山中の孤独な夜の過ごし方

 

 1~2歳の子供には大人には見えないものが見えるらしい。

 山口県周防大島町の山中で行方不明になっていた男の子は三日間、夜をひとりでいったいどうやって過ごしていたのだろう?

 

 暗黒の中の孤独。

 たぶんおとなでも三日も続いたらおかしくなってしまうような状況だ。
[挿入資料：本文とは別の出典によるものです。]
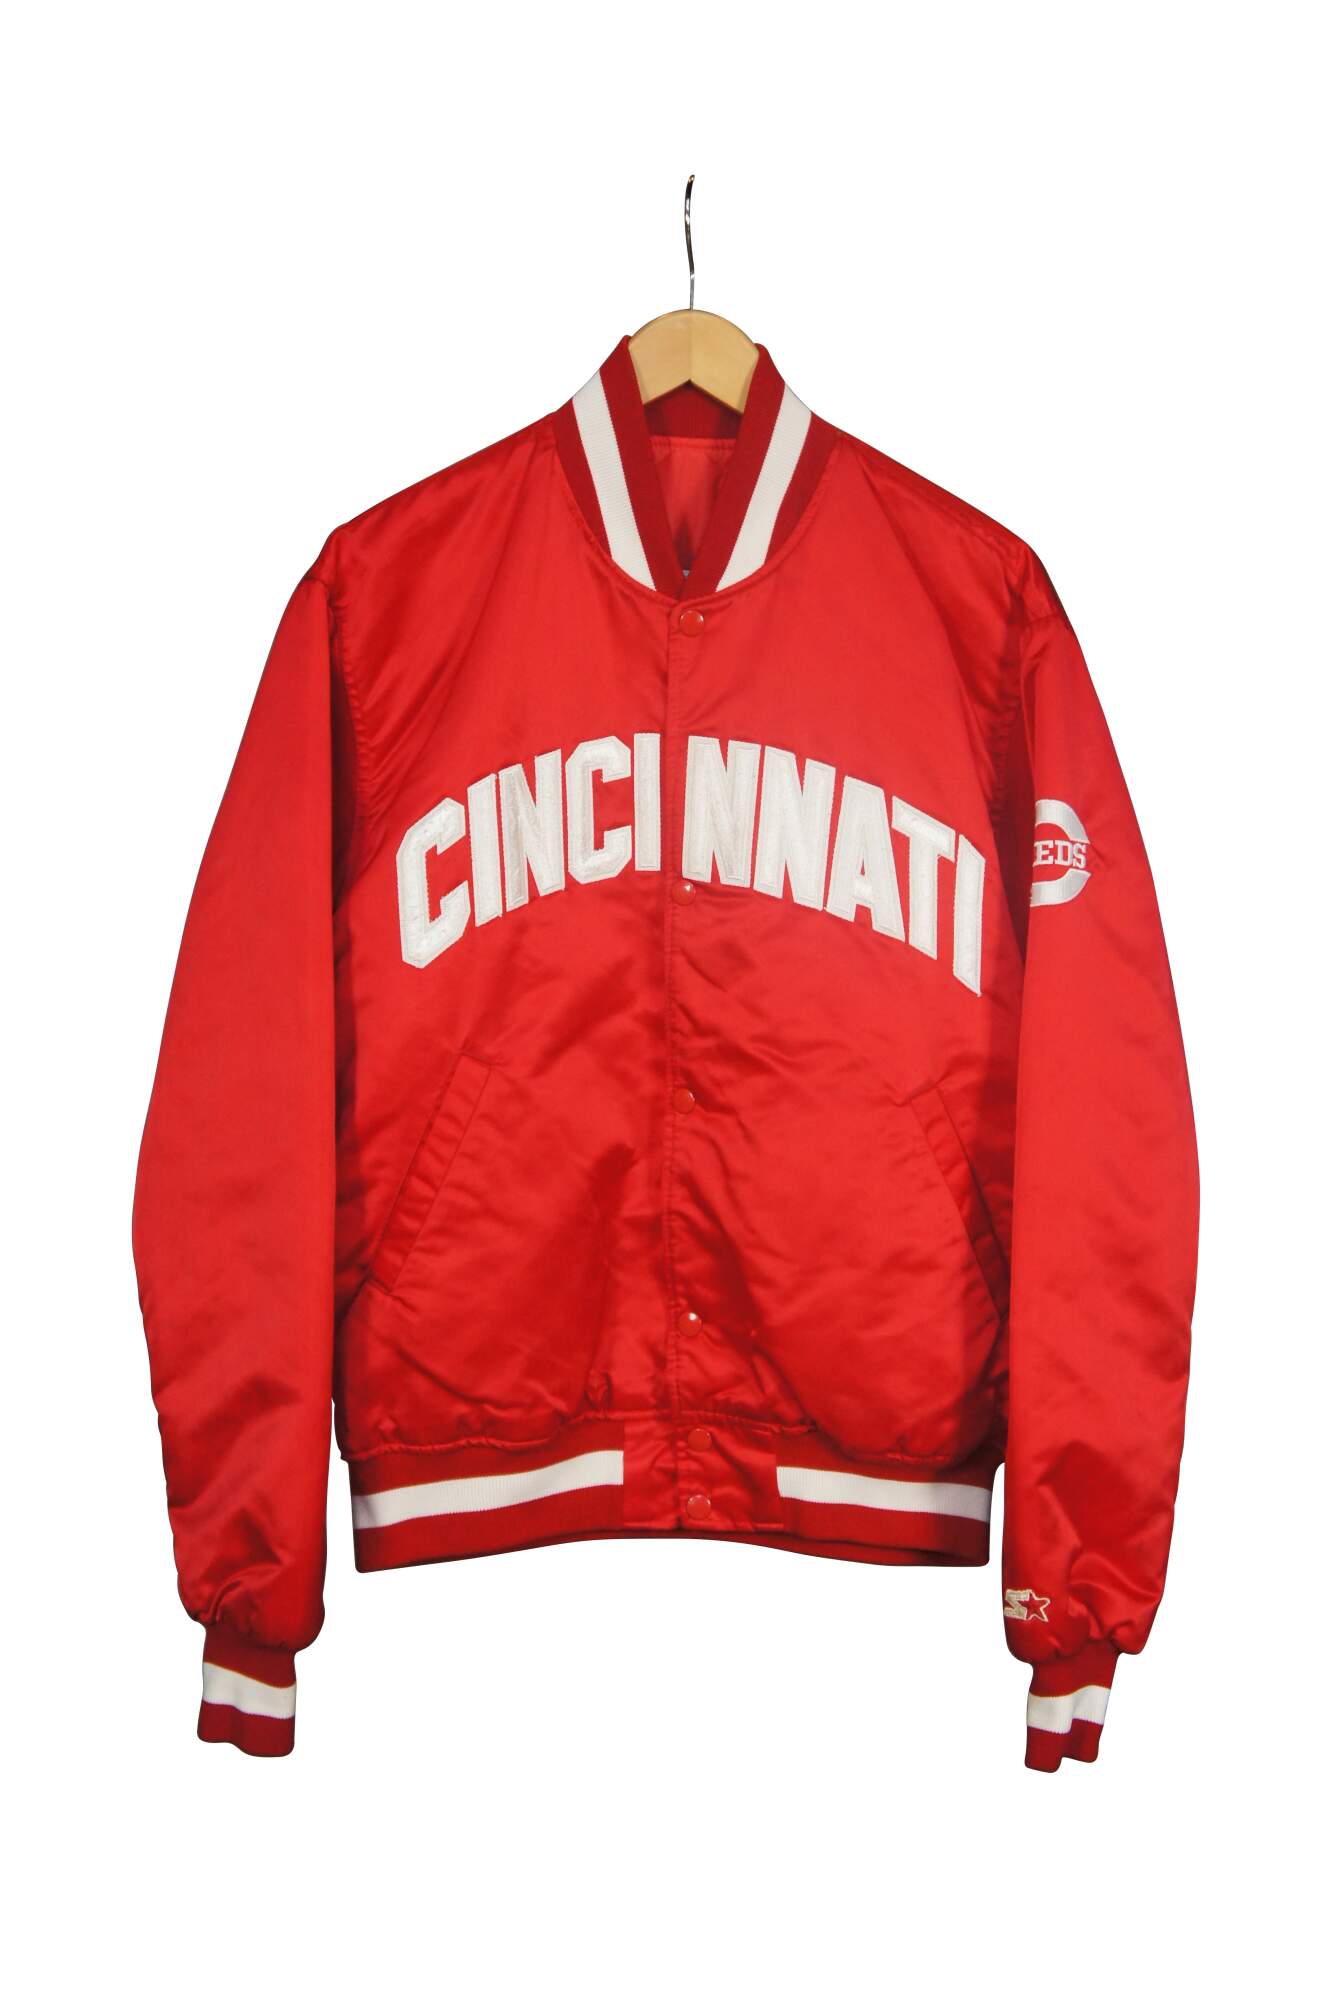 L) Vintage Starter Cincinnati Reds Jersey

当然、必死で叫ぶだろう。

 もうちょっと大きい子供でも泣いて誰かを呼ぶだろう。

  

 でも彼は泣き叫んだりしなかったようだ。

 山の精霊が彼のところにやってきた。

 時間を忘れていっしょに遊んで、結構楽しかったのかもしれない。

 その友だちがヘビやイノシシなどから守ってくれていた。

 

 へたをしたらそのまま精霊のところへ連れて行かれてしまったかもしれないけど、絶好のタイミングであのボランティアおじさんがやってきてくれた。

 

 それとも、あのおじさんが来るのを知っていて、精霊のほうがそれじゃこれで、と帰って行ったのかも。

 おじさんはそれをキャッチしていたからすぐに見つけられたのかも。

 

 いずれにしても二人のチューニングが合っていて、男の子は無事、人間の世界にもどることができた。

 世の中は不思議なことがいっぱいある。